Hi list,
Is it possible to add additional password encryption options to FreeRADIUS so that the user database can be used as a user/password store (For instance PBKDF2 or scrypt)?
Yeah, some guy submitted code to do that, but it was awful.
When I look at "man rlm_pap", the amount of encryption options for passwords are limited when FreeRADIUS is your only user database.

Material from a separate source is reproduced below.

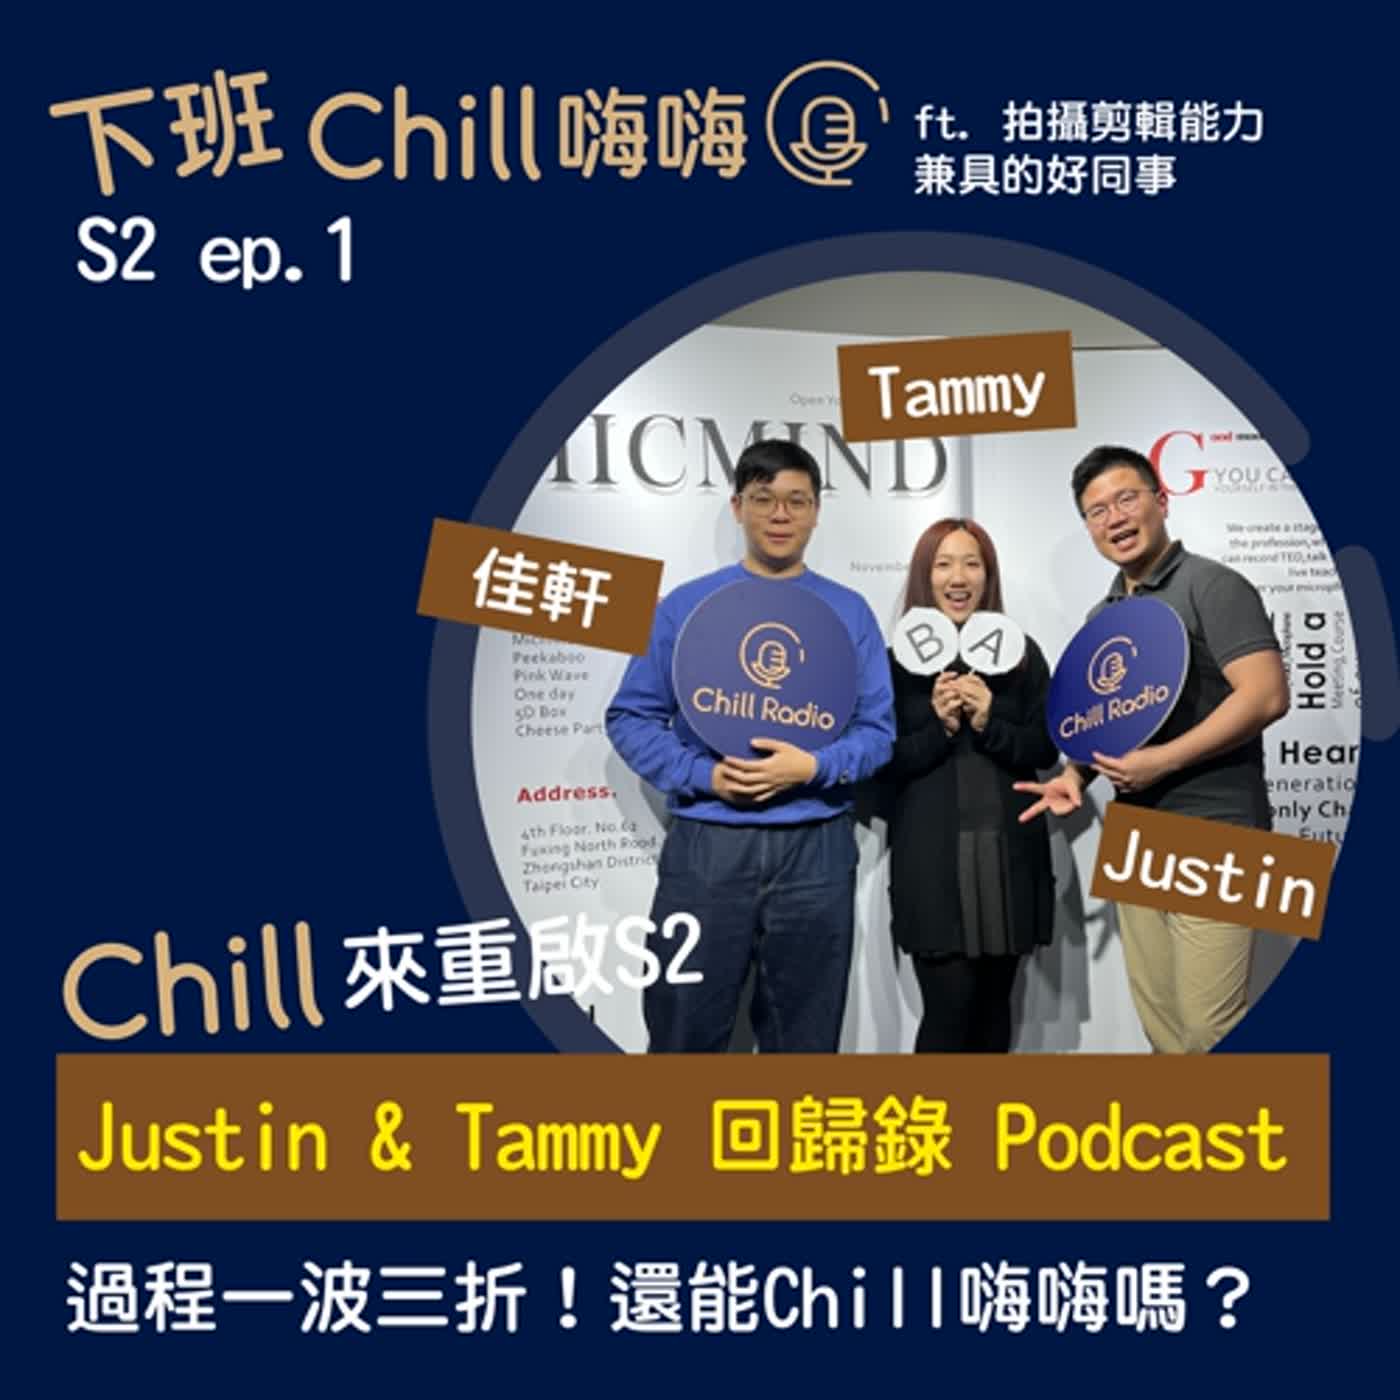 疫情後重返Podcast，還能持續Chill嗎？ ft. 佳軒 | S2 ep.1
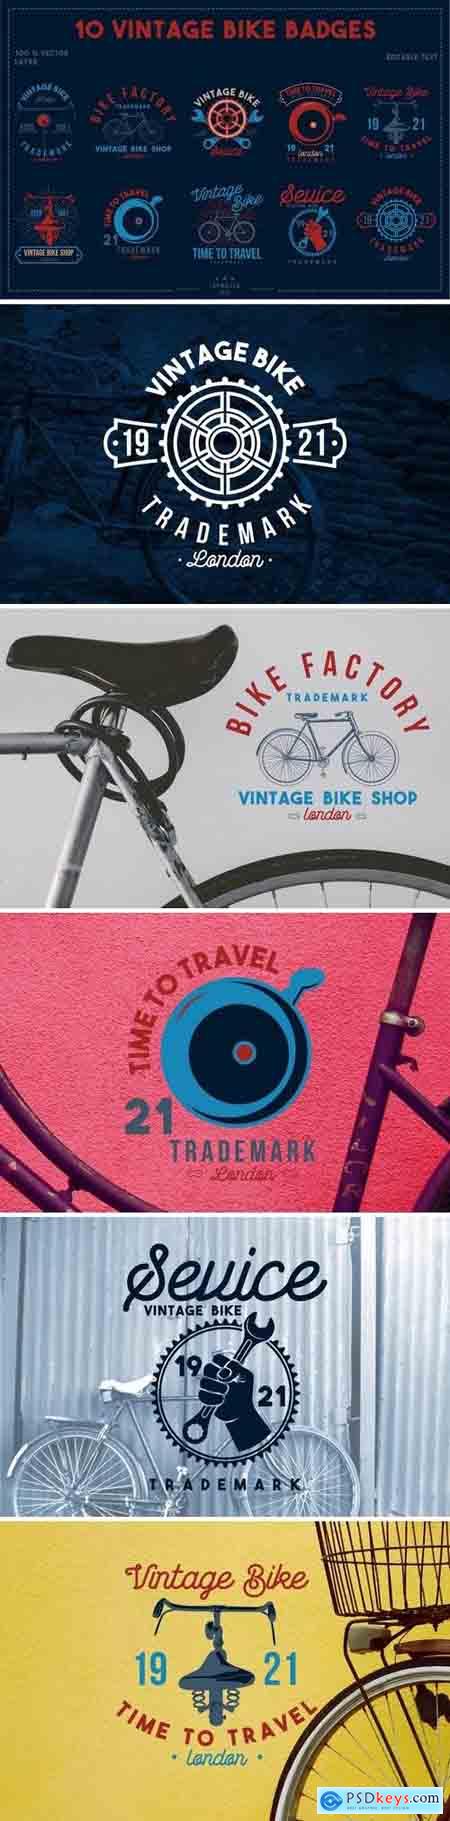 10 Vintage Bike Badges

I'm creating a POC where users can register for an account to use certain services (accessible via radius authentication) and I'm trying to only use the FreeRADIUS mysql database as a backend to keep it simple, but the password encryption methods aren't considered secure by today's standards.
What, salted SHA512 isn't considered secure by todays standards?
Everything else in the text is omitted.